Les Fabian Brathwaite begins his first-person reflections for Out magazine, in an article entitled “Friends without Benefits: Ending My Love/Hate Relationship with Grindr,” with a comparably stark sentence: “I’ve had a far longer relationship with Grindr than with anyone I’ve actually met on Grindr.”
Brathwaite continues that an article he wrote three years ago, “Why I’ve Given Up on Hooking Up,” in which he called his relationship with Grindr an “addiction” based on “insecurity,” got a response he called “overwhelming” and “gratifying.” “I wasn’t the only one who felt these things.”
The way out
To the extent that hookup apps can become an addiction, breaking the addiction may begin in the time-honored experience of hitting bottom (absolutely no pun intended) with it. Some of the people writing articles and posts in the readings section had that experience.

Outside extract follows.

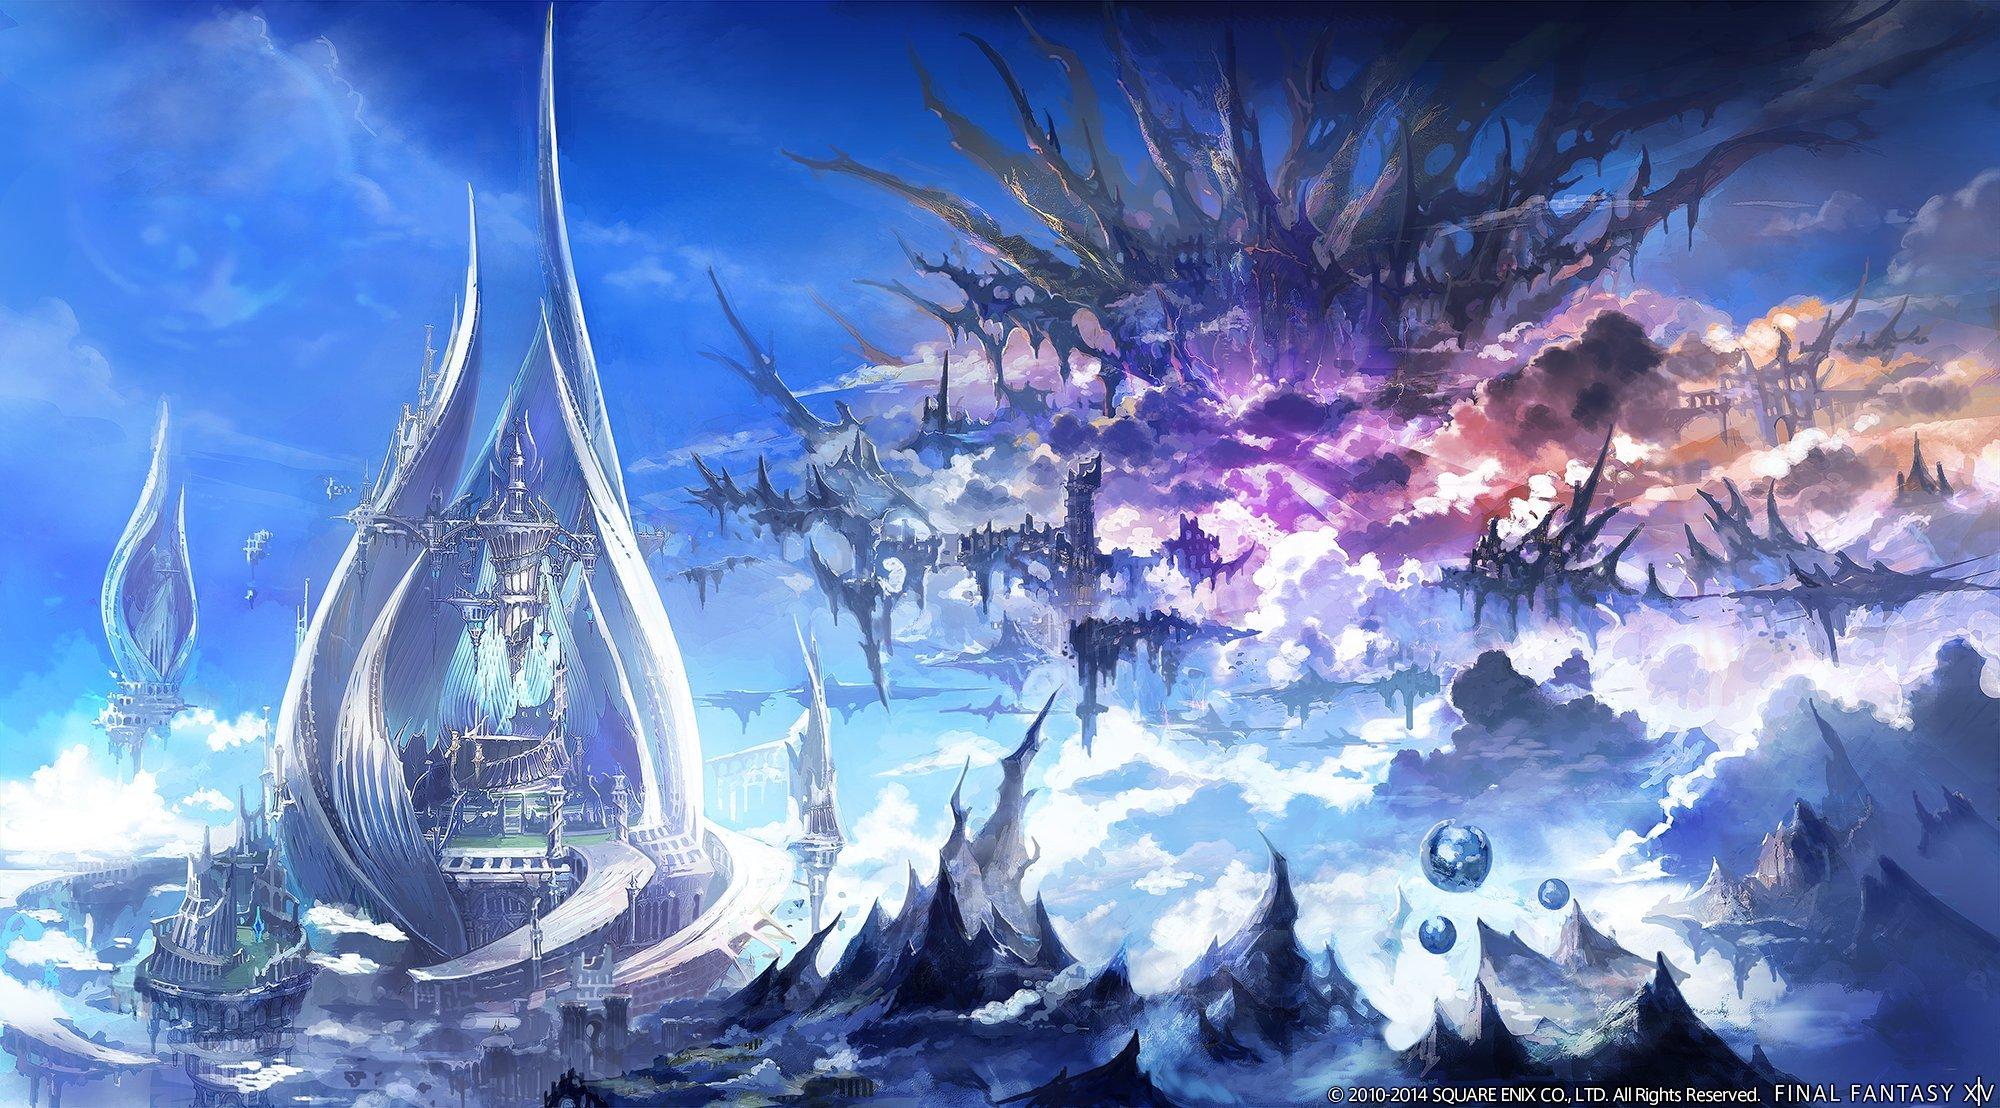 FinalFantasyXIV-Heavensward Multi Visuel 015

Many have reported that it was as important not to vilify the apps themselves. Brathwaite recalls “good times” with the app, and sees some good things about it. “But,” he concludes, “the greatest realization I've ever had about Grindr is that I'm never going to meet anyone on it. It may, from time to time, have what I want, but never what I need. Which is something real.”

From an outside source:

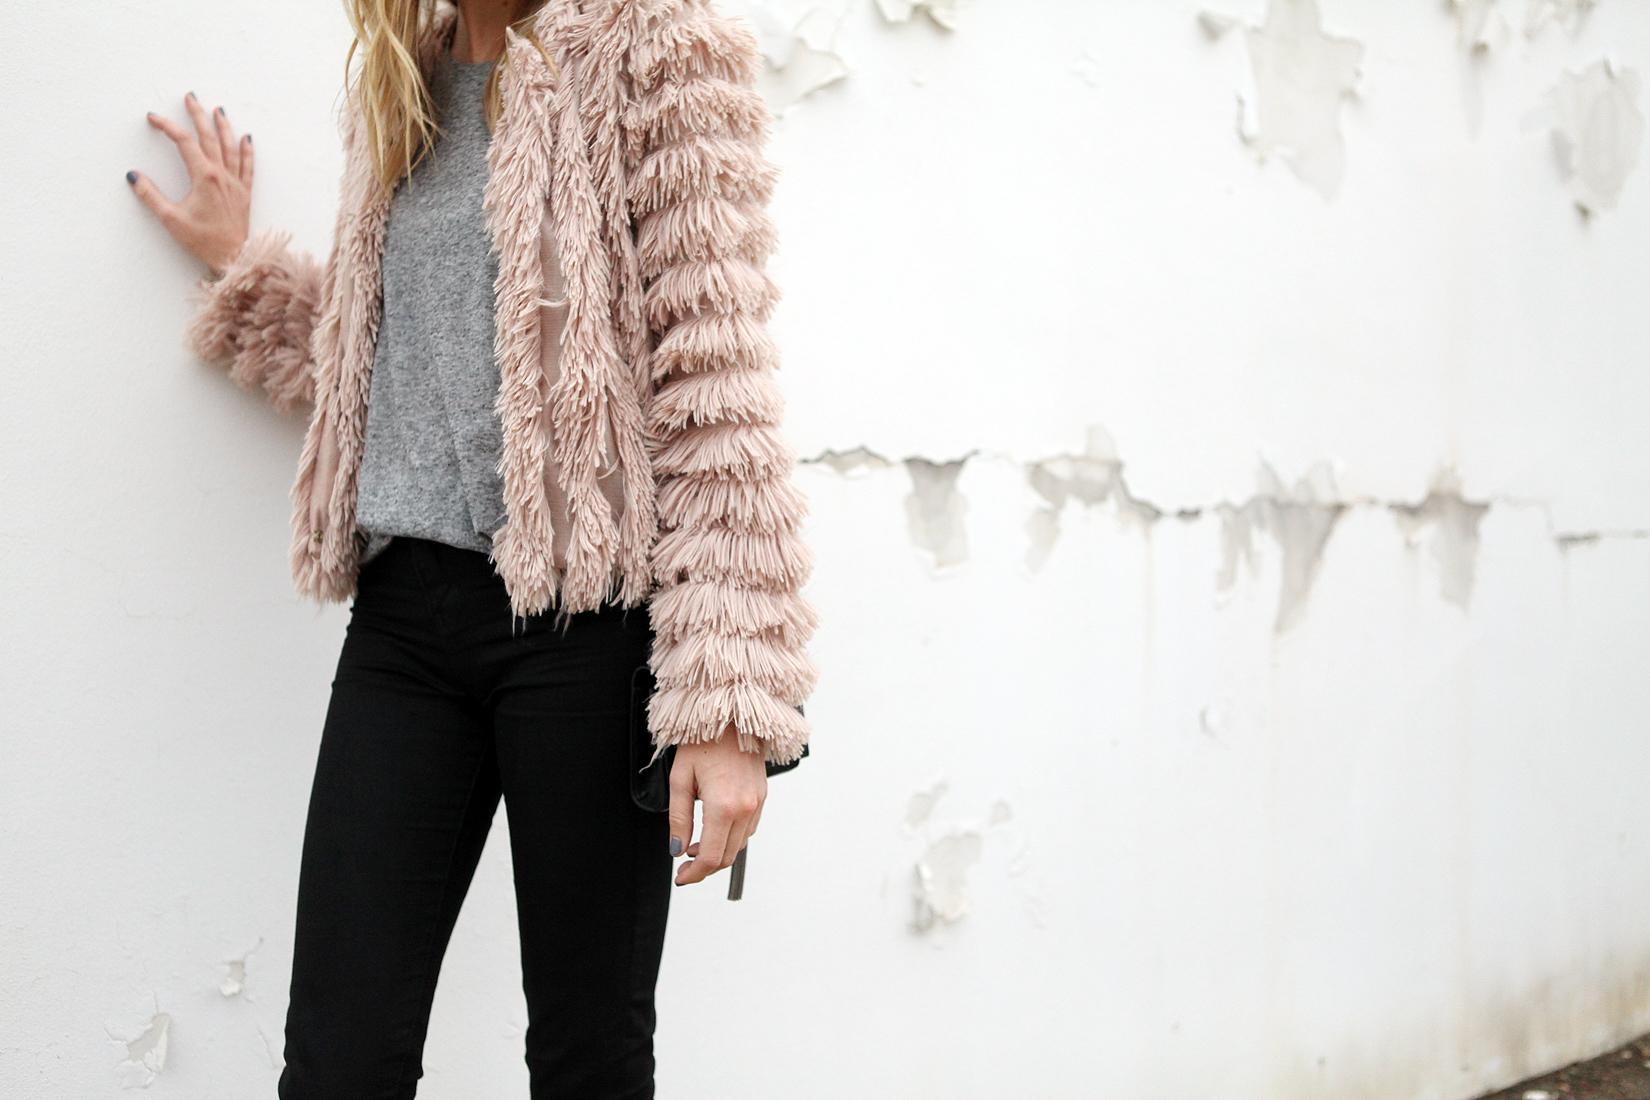 PINK FLUFFY COAT | Fashion Jackson

Apps such as Grindr are now eager to be seen as something other than a hazard as the users increasingly enjoin them to be. There’s little gainsaying the apps’ potential as educational platforms for their users, and developers are clearly making steps in that direction. But many observers see those efforts as modest so far, and they speculate that sexual-health information on the platforms may be as likely to enrage users as to engage them.
Treating the addiction part
Perhaps tellingly, the writers who have delved into the topic most deeply have proposed substitution behaviors as remedies. “Rather than using these apps to respond to loneliness, we can combat it by developing a trusted relationship with someone whom we can confide in, and who can confide in us,” The Advocate’s Miksche writes.

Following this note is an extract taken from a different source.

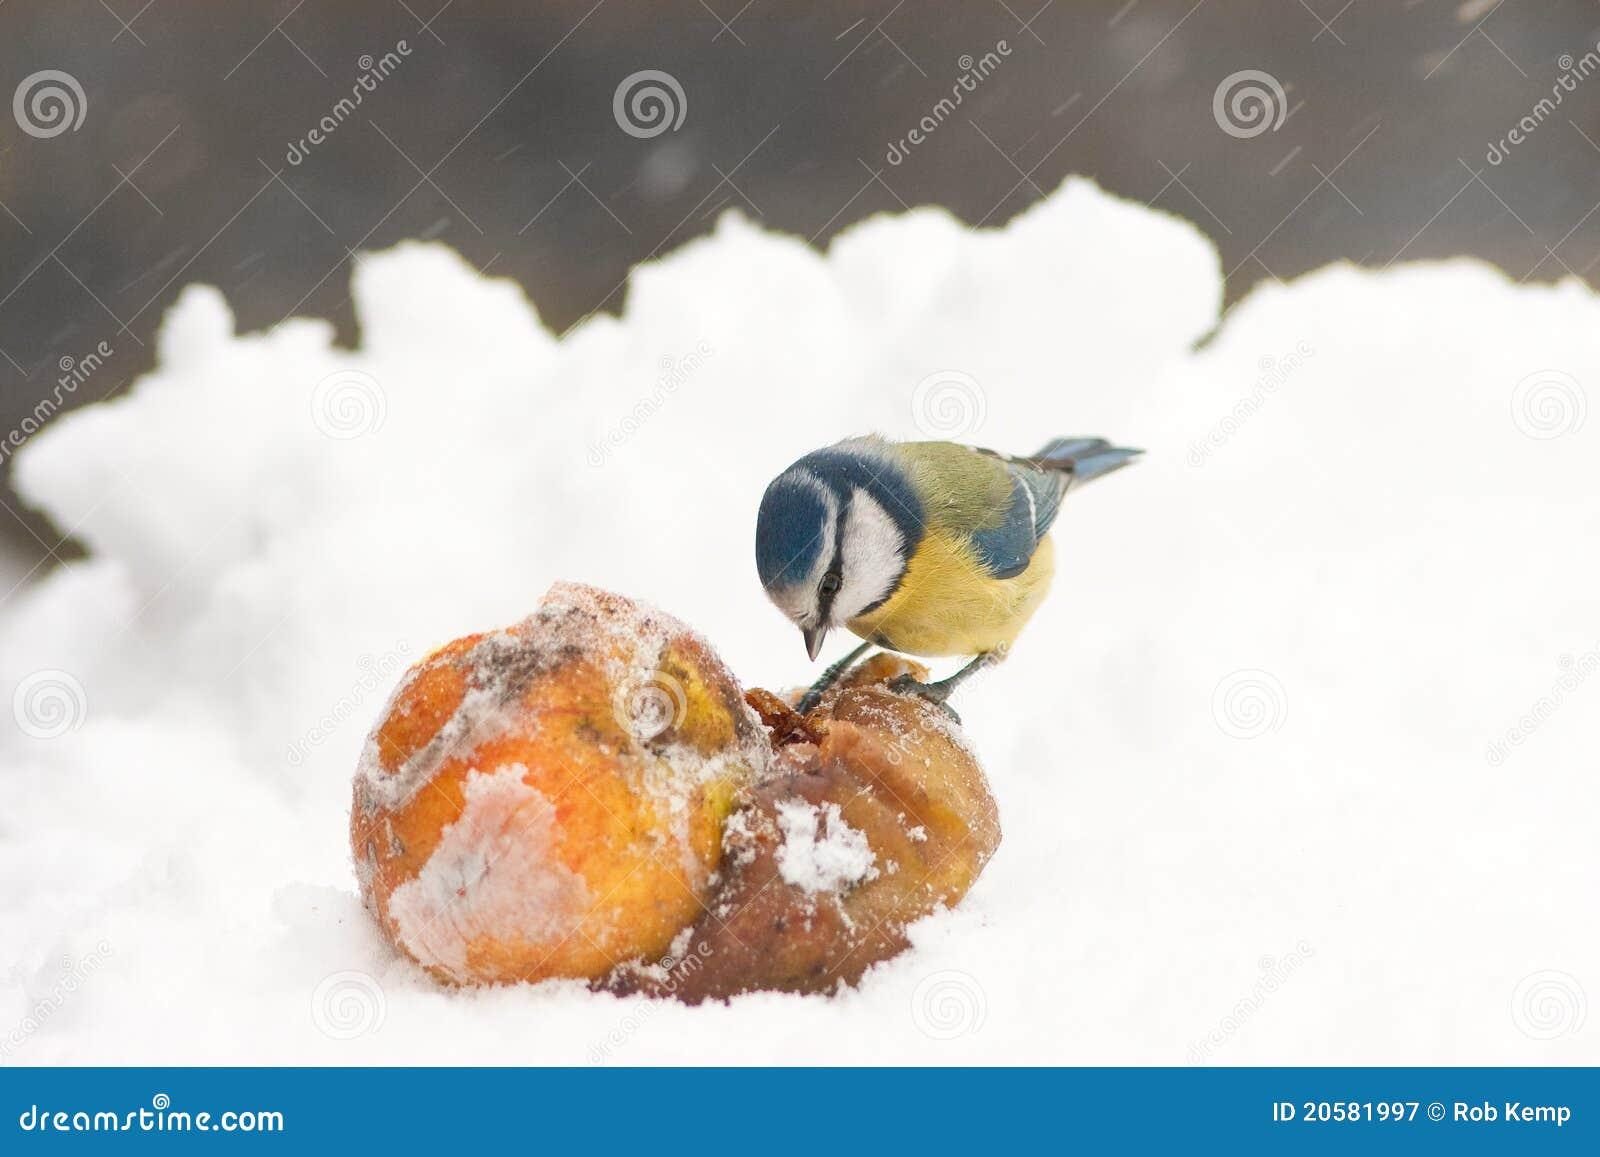 För snowtit för äpplen blå europeisk picka vinter

He turns again to Cole, who told him, “Instead of trying to ‘find people to spend time with,’ it may be easier to forge new deep bonds if we focus more on finding a cause or purpose to devote ourselves to. When that happens, we are much more likely to easily encounter others who share our aspirations and inspirations, our backgrounds and values, and this can be a powerful way of re-establishing connection.
“In other words, to cure a disease of disconnection, it may be more efficient to pursue some sort of purpose or mission or hobby, rather than consciously seek companionship….
“Devotion to a cause or purpose, other than just finding someone, is a great way to accidentally find someone who really works for you. And it’s the ‘really works for you’ part that is the ultimate solution to loneliness.”
Turban ends his article with ideas about treating the “sex addiction.” He seems to prefer cognitive behavioral therapy (CBT) over medical treatments, but he notes that there are also treatments such as hormonal transplants.
And there are medications whose efficacy remains a matter of conjecture. “Citalopram, a common antidepressant, was shown in one small study to be helpful with sex addiction in gay men, Turban writes. “Naltrexone, a drug commonly used for other compulsive behaviors, may work as well.”
What seems clear from available writing is that acknowledging the addiction without vilifying either the agent or the addict is key, or at least an important beginning. Everyone, it seems, is pressing not just for more research, sometimes a deterrent to more urgent action, but for governmental support in funding treatment.
Still, if there’s a lesson to be learned from America’s opioid crisis—and what savvy members of the mainstream media are calling Congress’s attempts “to friend” Zuckerberg—it's that capital gains are likely to overwhelm the incentives toward appropriate and lasting treatment.
Help may be on the way, but the help needs help. Off in the distance there’s Frank Zappa still singing, “Too much business is wrong for you baby. Too many deals in the day.”